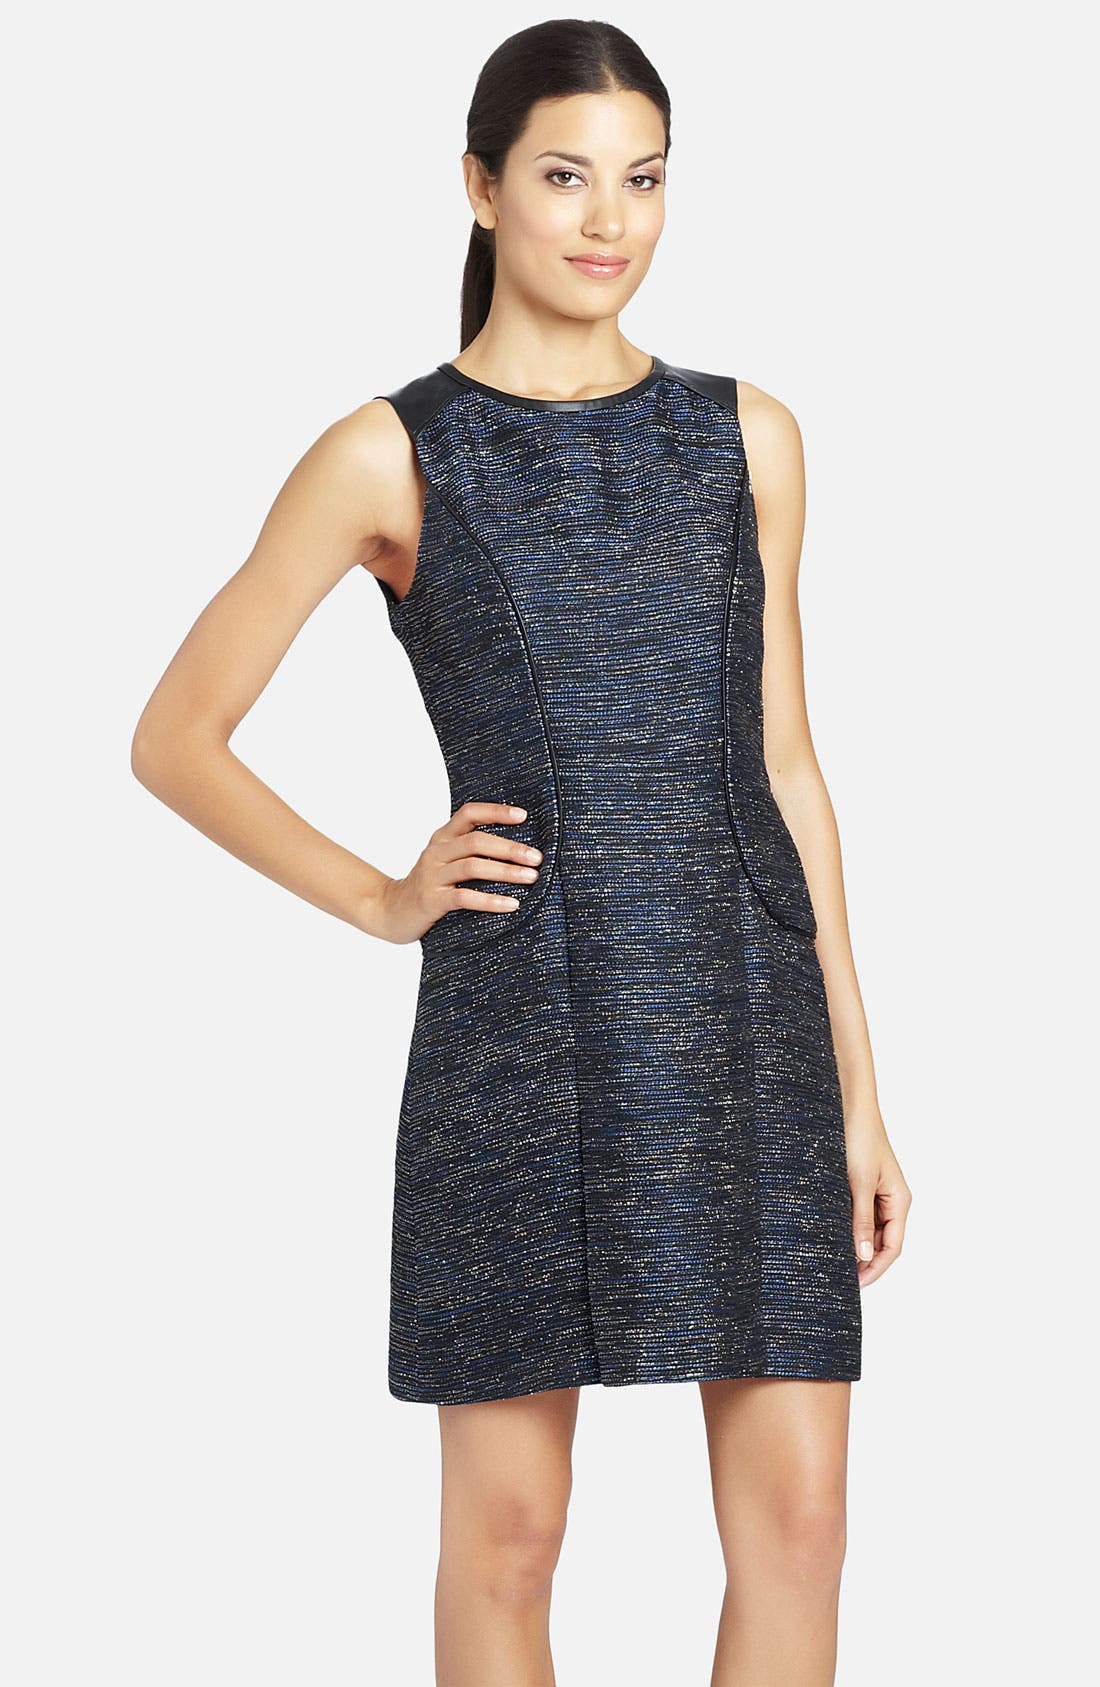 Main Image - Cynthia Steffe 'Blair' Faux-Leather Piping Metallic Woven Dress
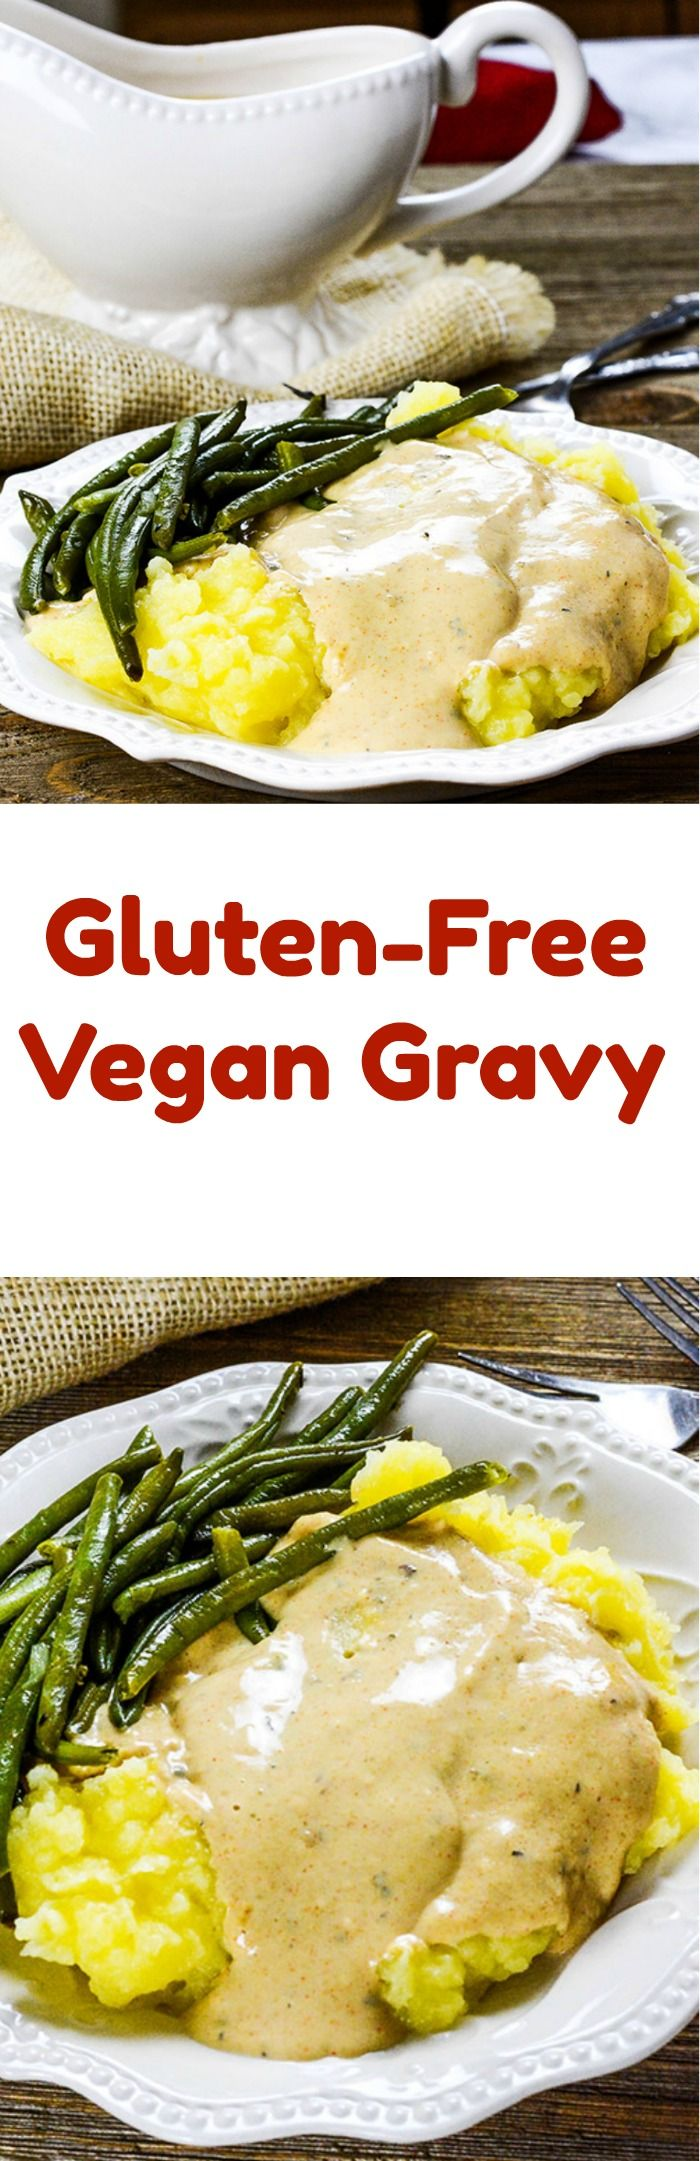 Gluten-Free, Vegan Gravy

______

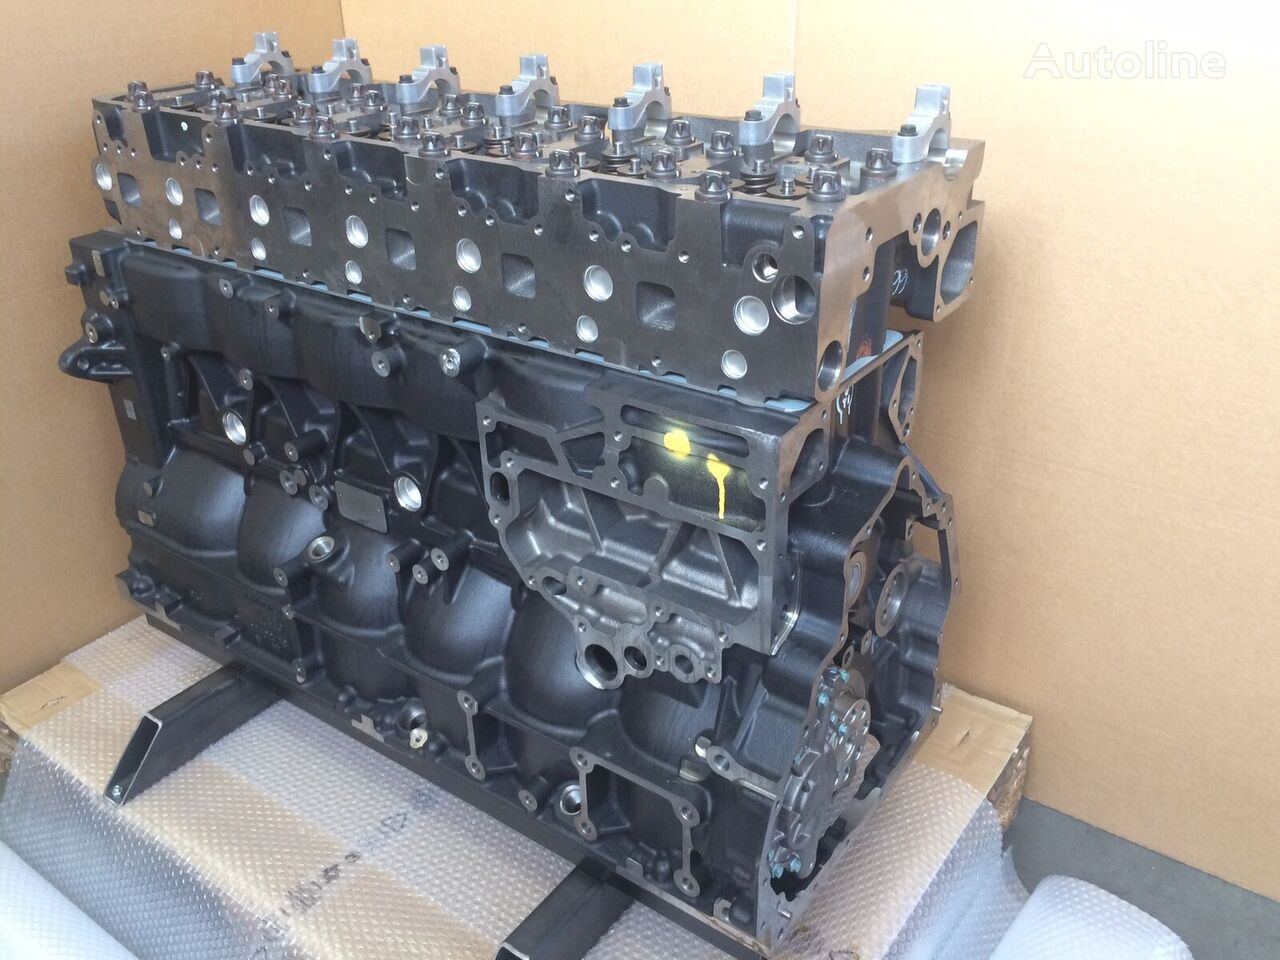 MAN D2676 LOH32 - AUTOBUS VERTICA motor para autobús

______

Prompt
The lines to reproduce run from the one above containing "Main Image - Cynthia" through the one containing "Gluten-Free, Vegan Gravy". Copy them exactly and leave out all pictures.

Written answer
 Main Image - Cynthia Steffe 'Blair' Faux-Leather Piping Metallic Woven Dress
 Gluten-Free, Vegan Gravy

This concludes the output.